Task details:
Once you find the line with "Wimbledon 2021: Nick" in the listing below, set down exactly every line from it through the line with "USA製 90s FIVE", but no pictures.

(Beginning of Dataset excerpts)

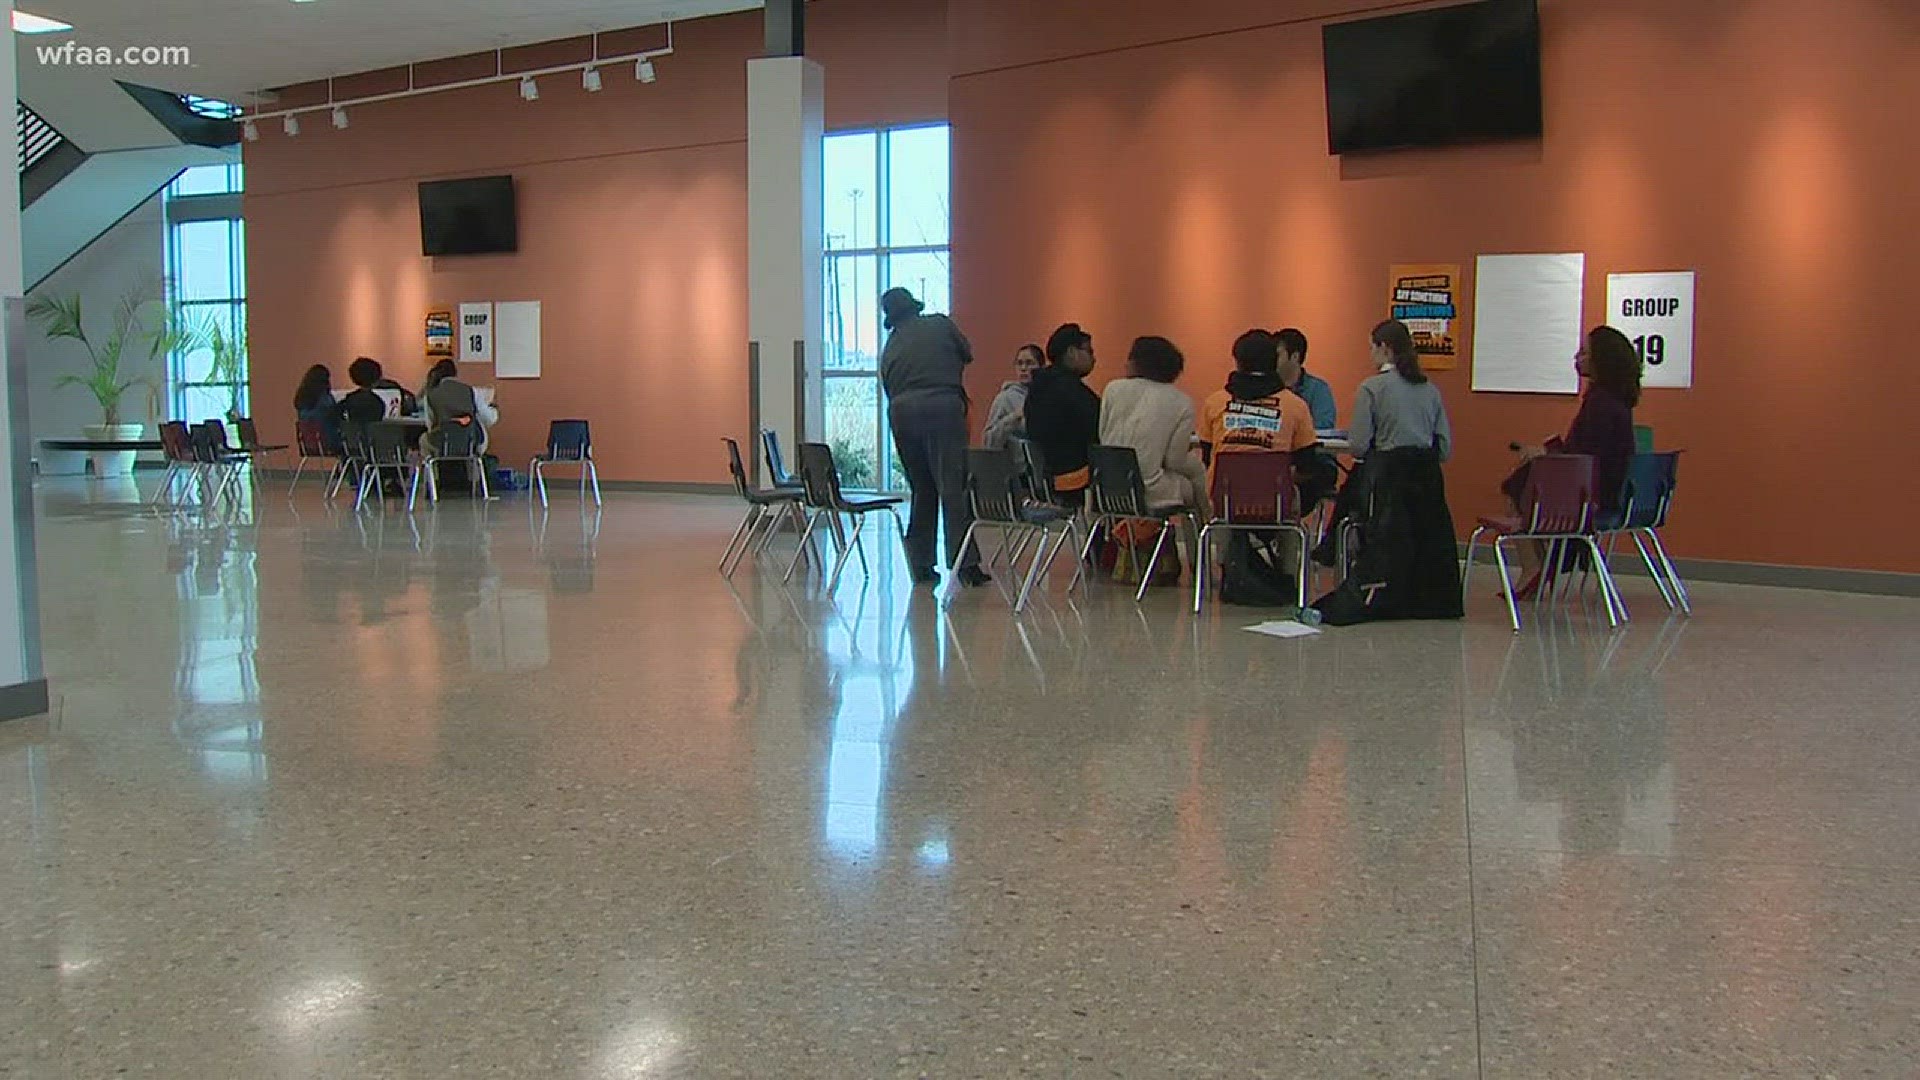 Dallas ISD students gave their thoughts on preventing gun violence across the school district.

(End of Dataset excerpts)
(Beginning of Dataset excerpts)

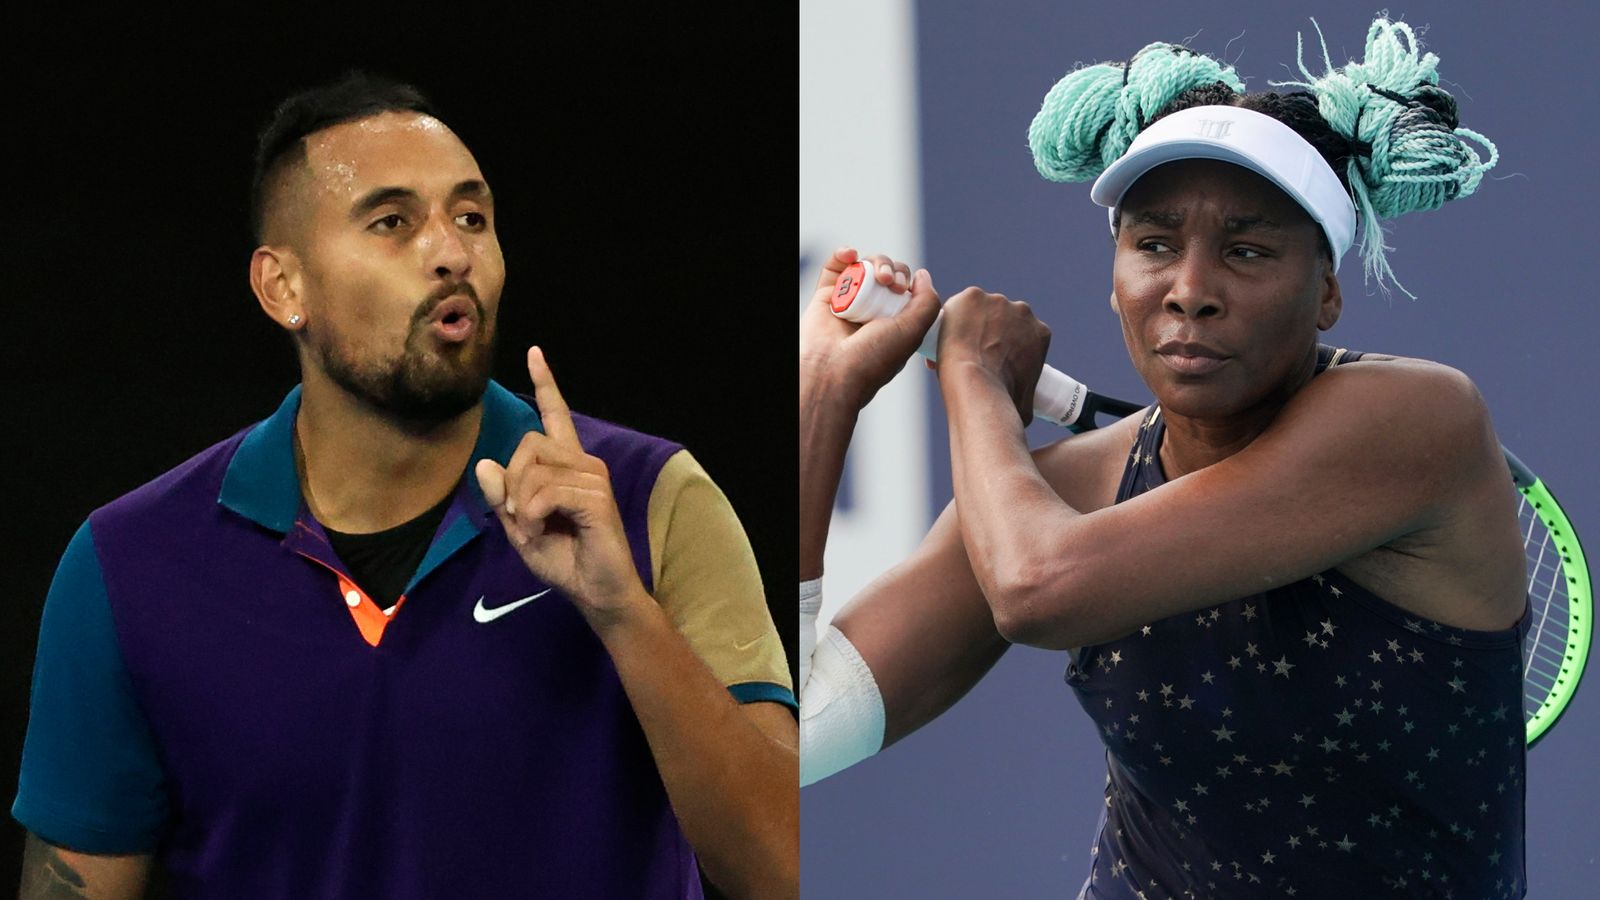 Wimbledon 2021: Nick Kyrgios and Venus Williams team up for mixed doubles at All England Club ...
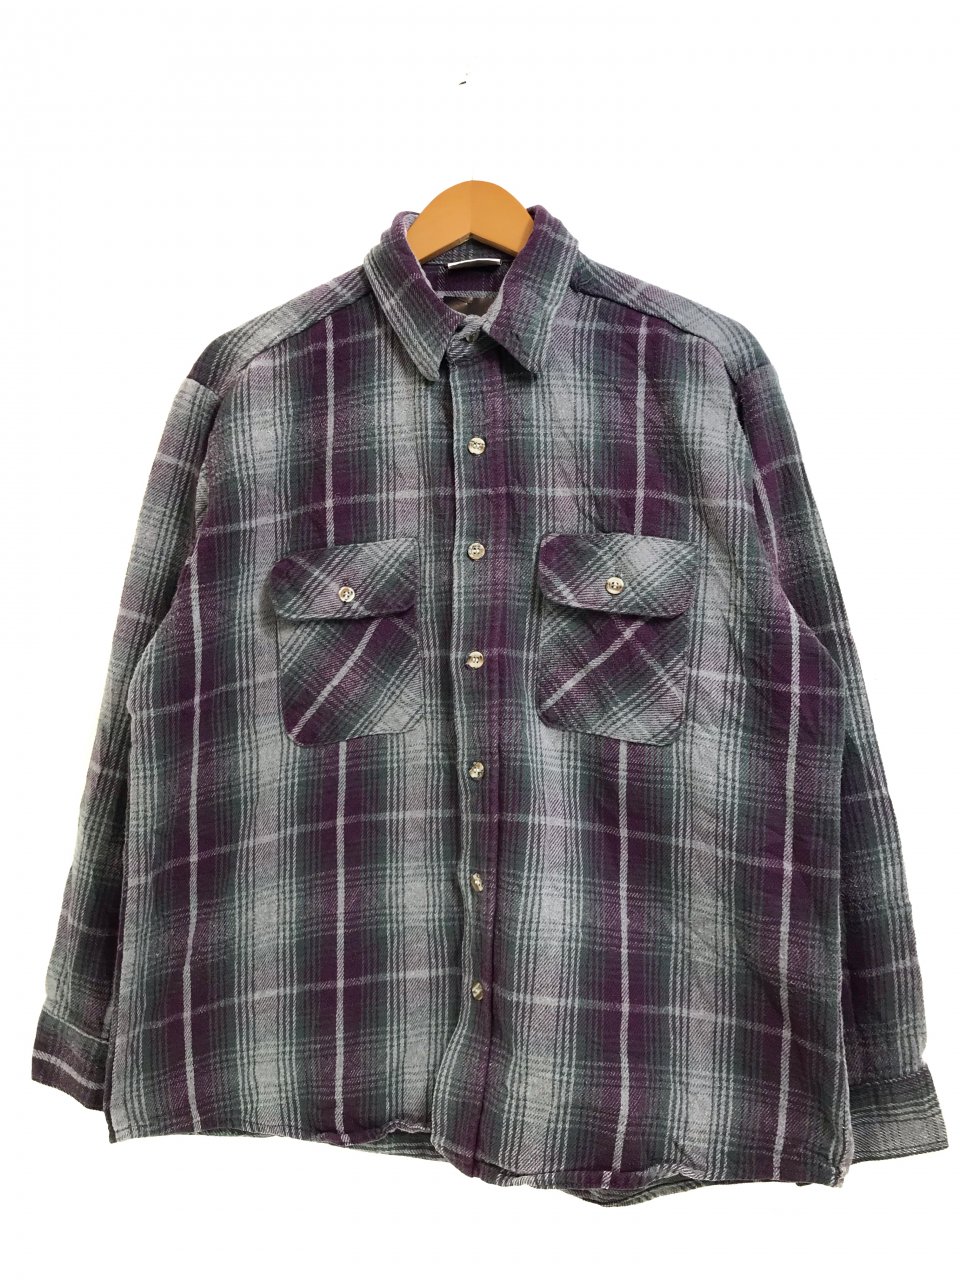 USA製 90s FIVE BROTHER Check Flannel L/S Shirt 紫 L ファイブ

(End of Dataset excerpts)
(Beginning of Dataset excerpts)

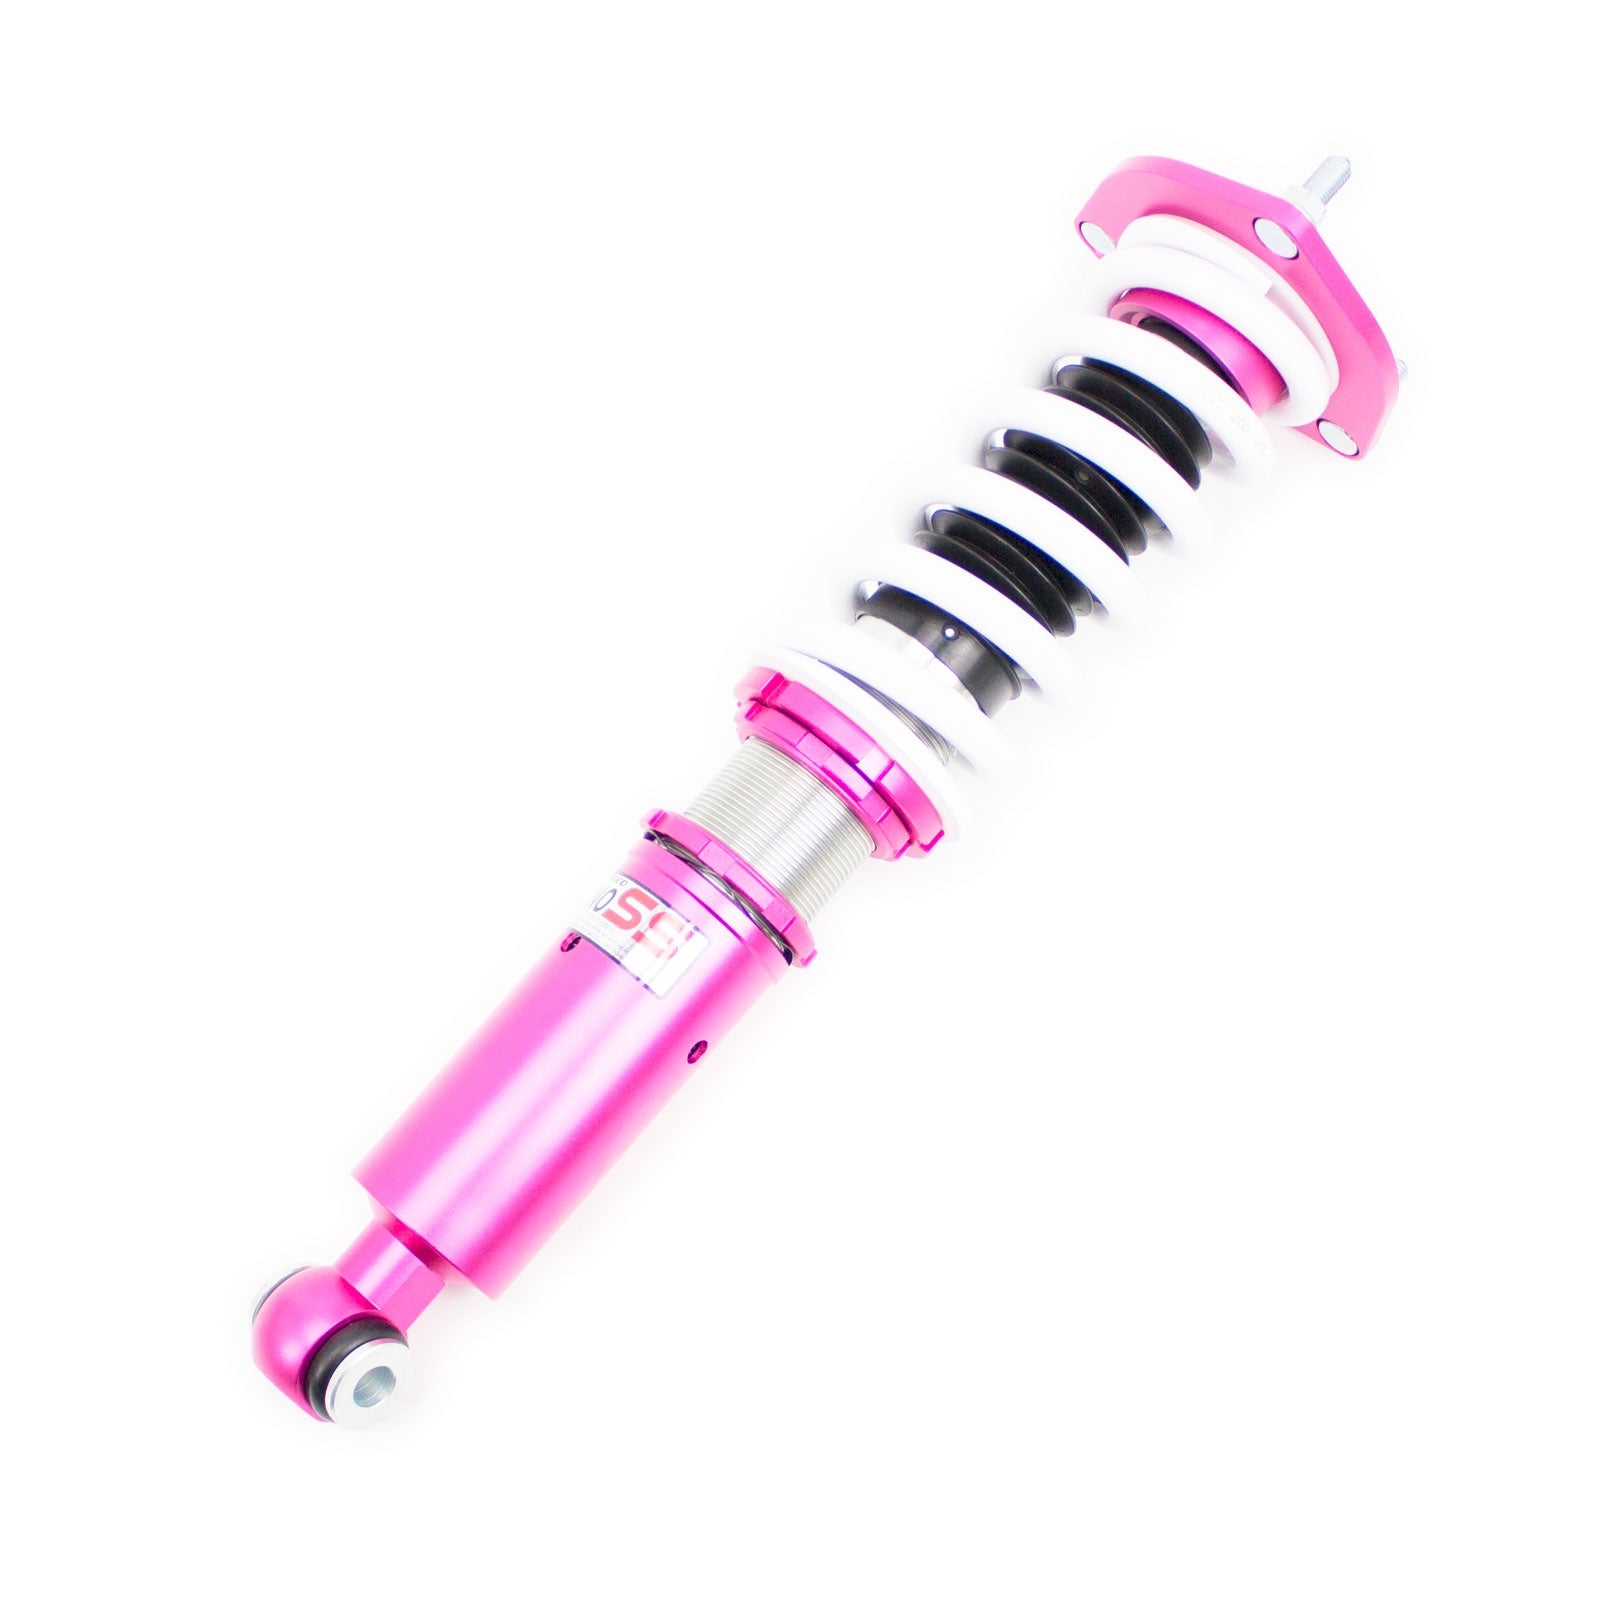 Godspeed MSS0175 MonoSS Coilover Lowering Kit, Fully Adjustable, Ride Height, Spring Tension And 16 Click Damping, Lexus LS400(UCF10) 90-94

(End of Dataset excerpts)

Task response:
 Wimbledon 2021: Nick Kyrgios and Venus Williams team up for mixed doubles at All England Club ...
 USA製 90s FIVE BROTHER Check Flannel L/S Shirt 紫 L ファイブ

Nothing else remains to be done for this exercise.